Probably, I haven't defined the problem very well. I don't seem to understand what R is returning out of sapply
. I have a large dataframe of hierarchical data. About half the columns are factors and half are numerical. I want to get a new dataframe that contains some of the factors, and sums over the numerical columns, but I want the sums to remain separated by factor levels.

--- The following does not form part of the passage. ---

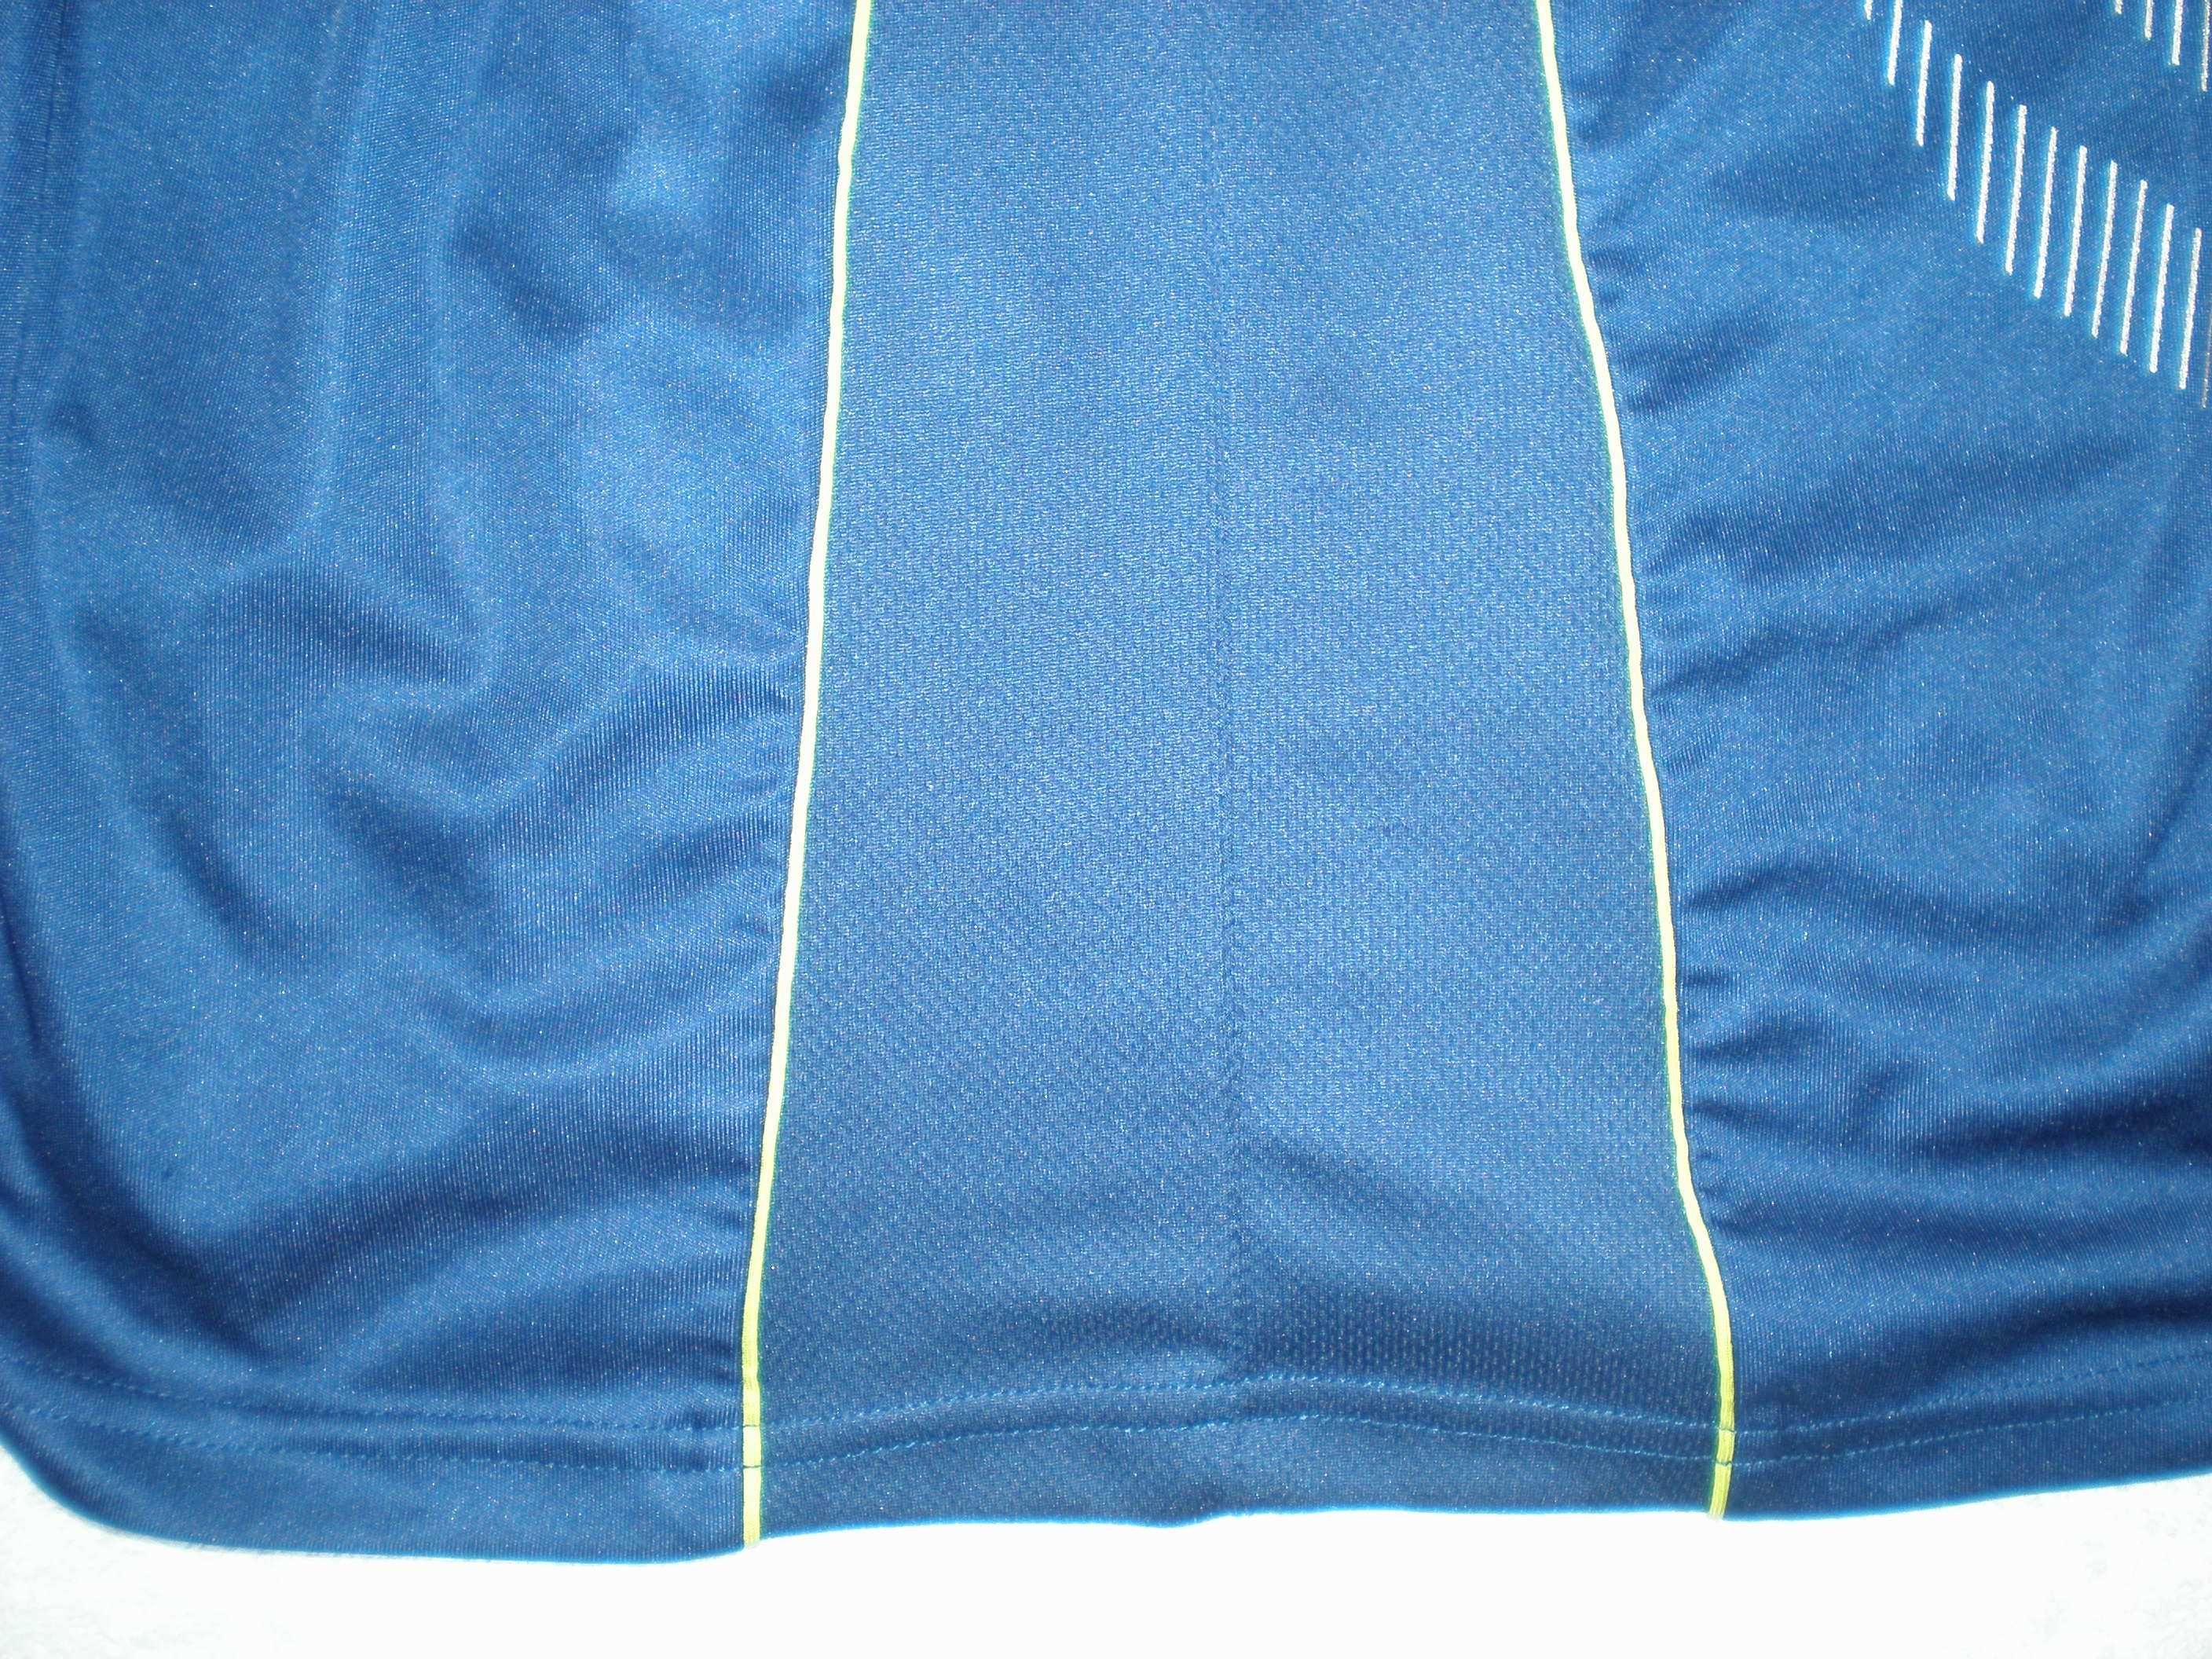 Футболка Osaga dry tec р. 48-50 темно-синего цвета.

For instance, from the sample data below, I'd like to make a dataframe with the state, district, branch the same, but sum the data for orders of the same type but with different colours. I'm thinking that iterative use of sapply
will do it, but I can't seem to get it to work.
sample data:
state district branch order colour number cost amount
CA central newtown shoes black 6 25.50 127.40
CA central newtown shoes brown 3 32.12 75.40
CA central newtown gloves blue 15 12.20 157.42
CA central newtown gloves black 9 8.70 65.37
CA central columbus shoes black 12 30.75 316.99
CA central columbus shoes brown 1 40.98 45.00
CA central columbus gloves blue 47 11.78 498.32
CA central columbus gloves black 23 7.60 135.50
Another job for aggregate
. Calling your data frame dat
:
aggregate(cbind(cost, amount) ~ state+district+branch+order, data=dat, FUN=sum)
## state district branch order cost amount
## 1 CA central columbus gloves 19.38 633.82
## 2 CA central newtown gloves 20.90 222.79
## 3 CA central columbus shoes 71.73 361.99
## 4 CA central newtown shoes 57.62 202.80
On the left side of the ~, cbind
is used to indicate that we want each column separately. If cost + amount
were specified, it would mean the sum here because these are numeric. On the right side of the ~, we have factors, so the + means that we are aggregating by each level of each factor.